An April 1987 Associated Press article, “Burke’s Peerage Given Faulty Facts : Queen’s ‘Dead’ Cousin Alive in Mental Hospital,” supported the claim that the public ony learned of the women’s fate that year, after a tabloid disclosed the information upon Nerissa Lyon’s passing. That reporting indicated that Lady Elizabeth Anson, the niece of the Lyon women, asserted that they were visited by “many family members”:

A first cousin of Queen Elizabeth II, listed in a leading social register as having died in 1961, is a long-term patient at a hospital for the mentally disabled, the hospital acknowledged [on April 6 1987].

It said Katherine Bowes-Lyon, 60, a niece of Queen Mother Elizabeth, has been in Royal Earlswood Hospital in Redhill, south of London, since 1941.

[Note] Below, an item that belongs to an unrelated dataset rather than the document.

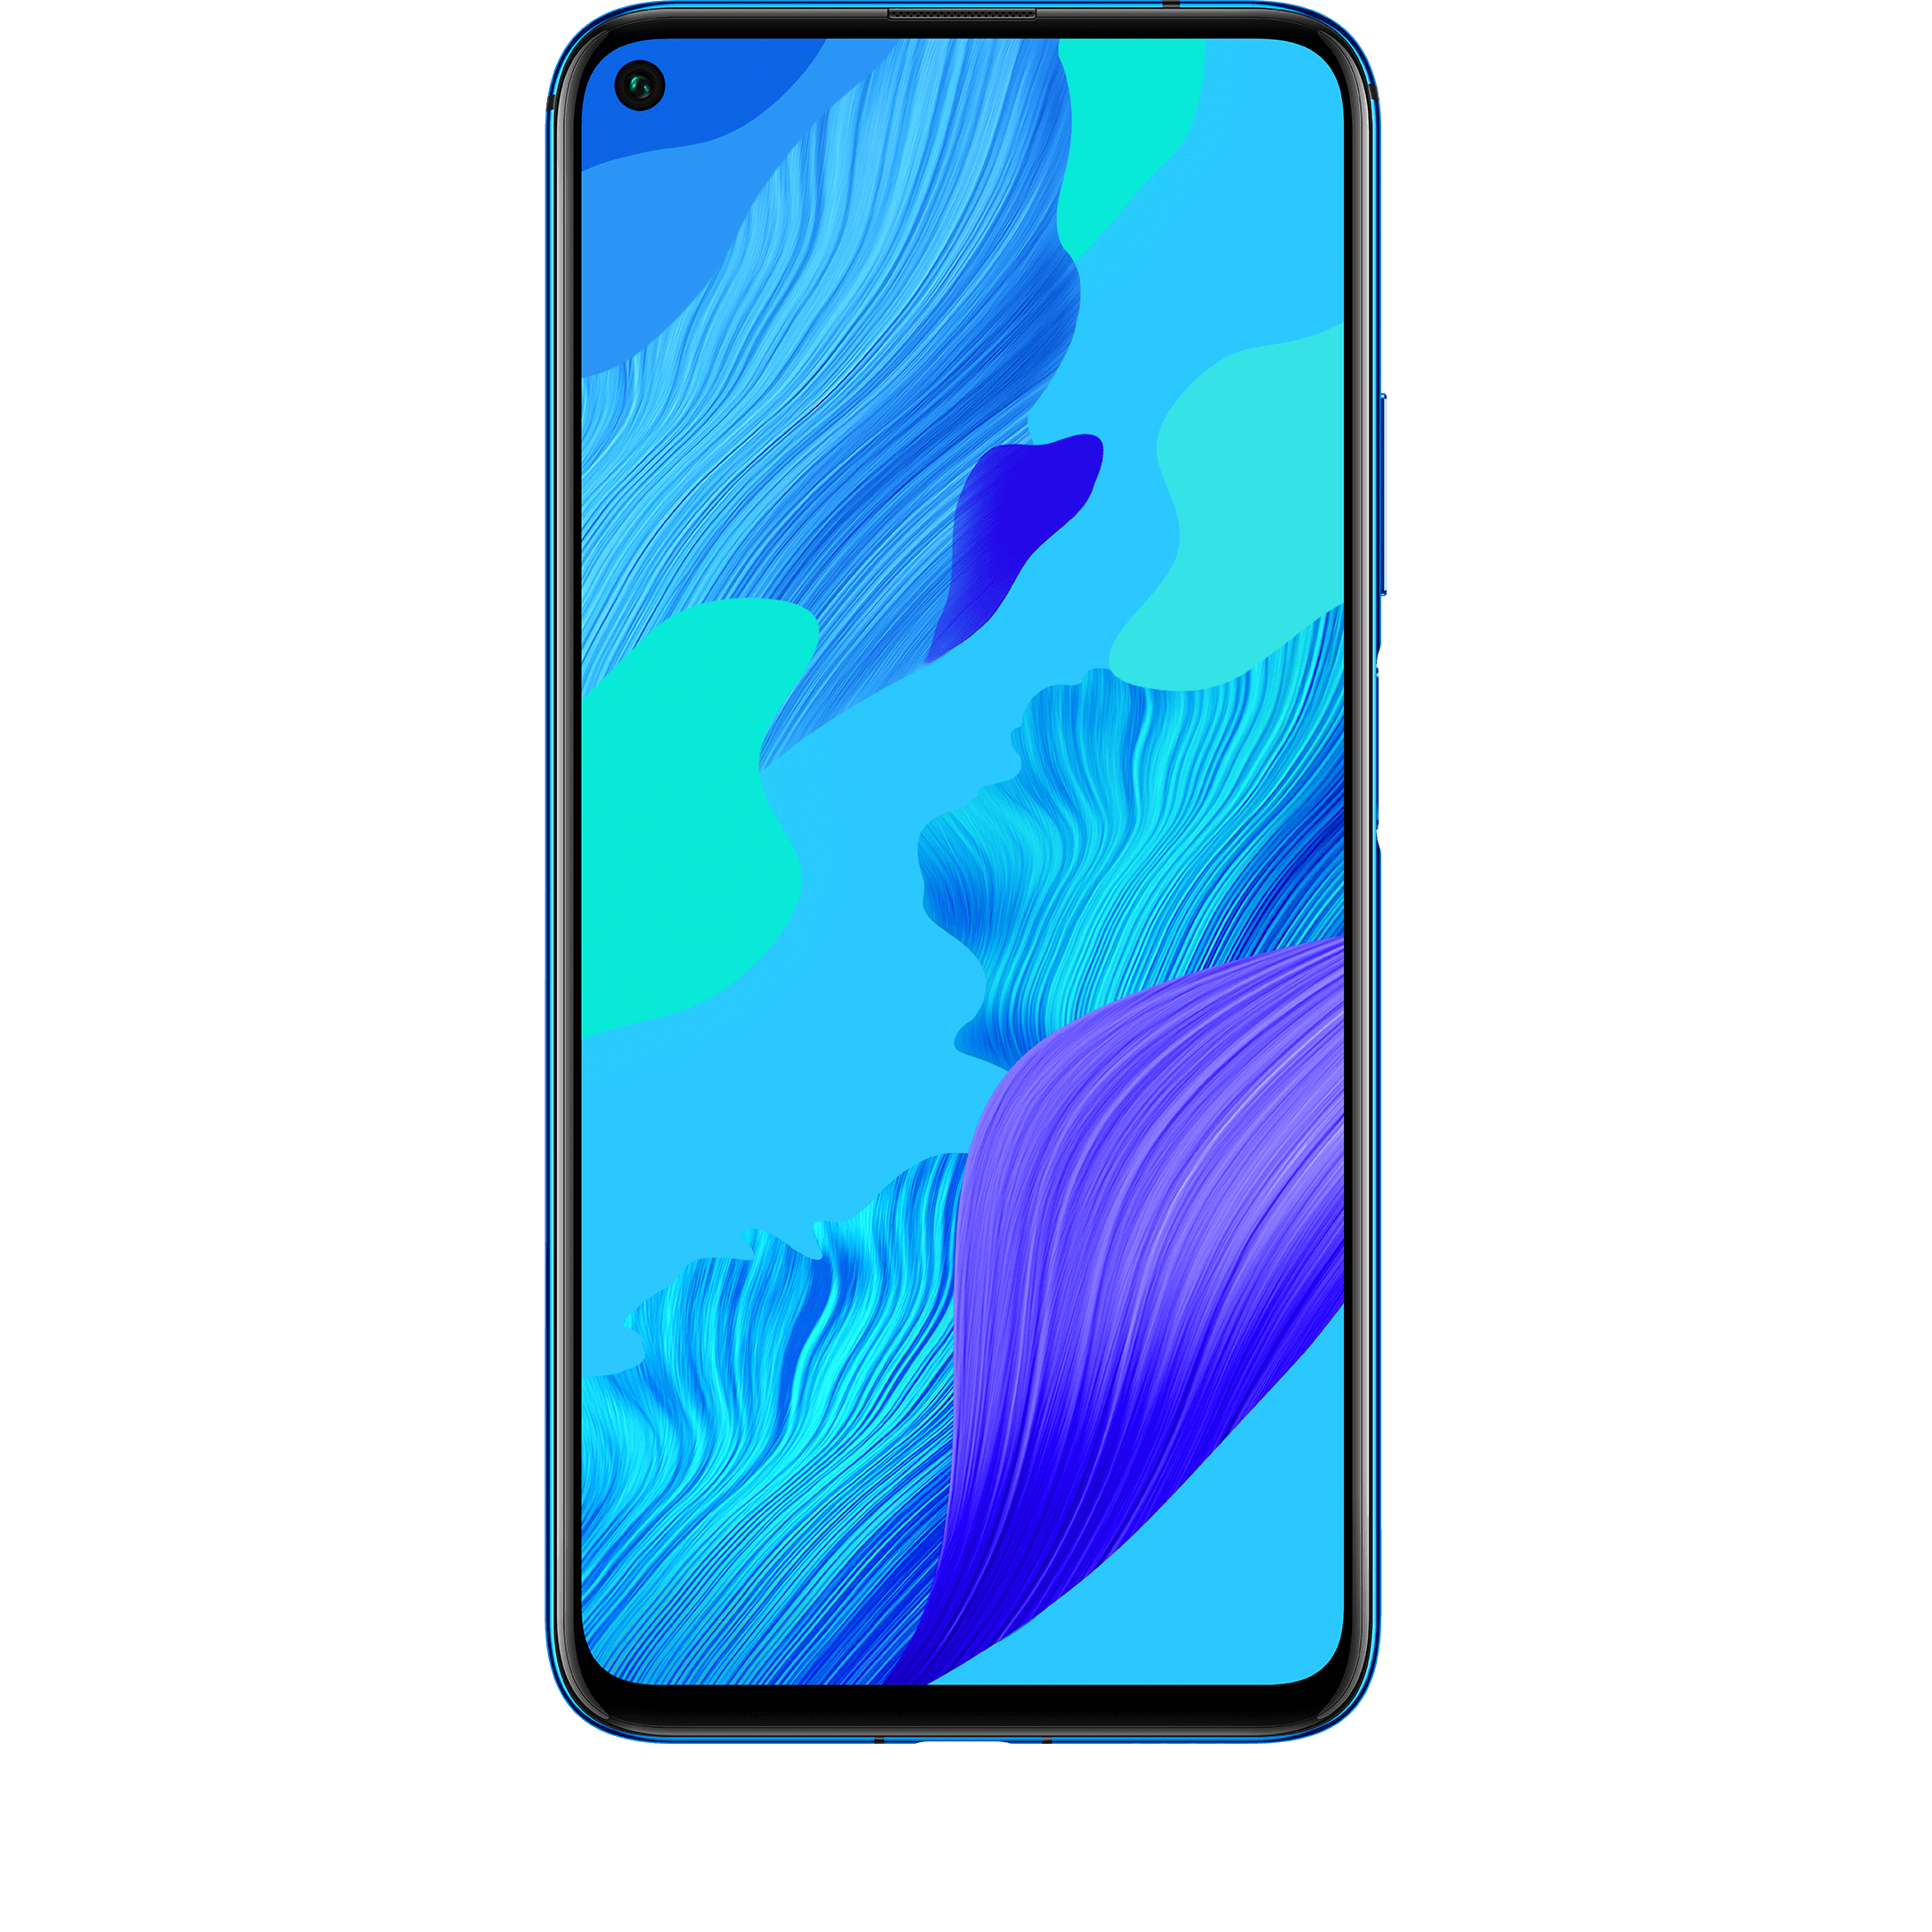 Günstig Kaufen beim Preisvergleich-Huawei nova 5T 128 GB blau mit Allnet Flat S Flex

Her sister, Nerissa Bowes-Lyon, who died last year at the age of 67 after spending much of her life as a patient in the same hospital, also has been listed as dead in every edition of Burke’s Peerage since 1963.

The 160-year-old reference book to the nation’s aristocracy lists her as dying in 1940, said Publishing Director Harold Brooks-Baker.

On September 8 2022 (the day Queen Elizabeth II died), a viral tweet claimed that the recently deceased monarch “had two severely disabled first cousins who were publicly pronounced dead in 1940 and 1961 respectively, but they both actually lived in a care home with no visits or support from the royal family until their actual deaths in 1986 and 2014.” Primary details of the tweet were accurate, and the women were depicted in Netflix’s The Crown in 2020. When the information came to light in 1987, a relative of the women claimed their institutionalization was not an attempt at “a cover-up,” claiming they were visited by “many family members.” However, archival 1987 reporting noted that their survival was deliberately concealed with false death dates.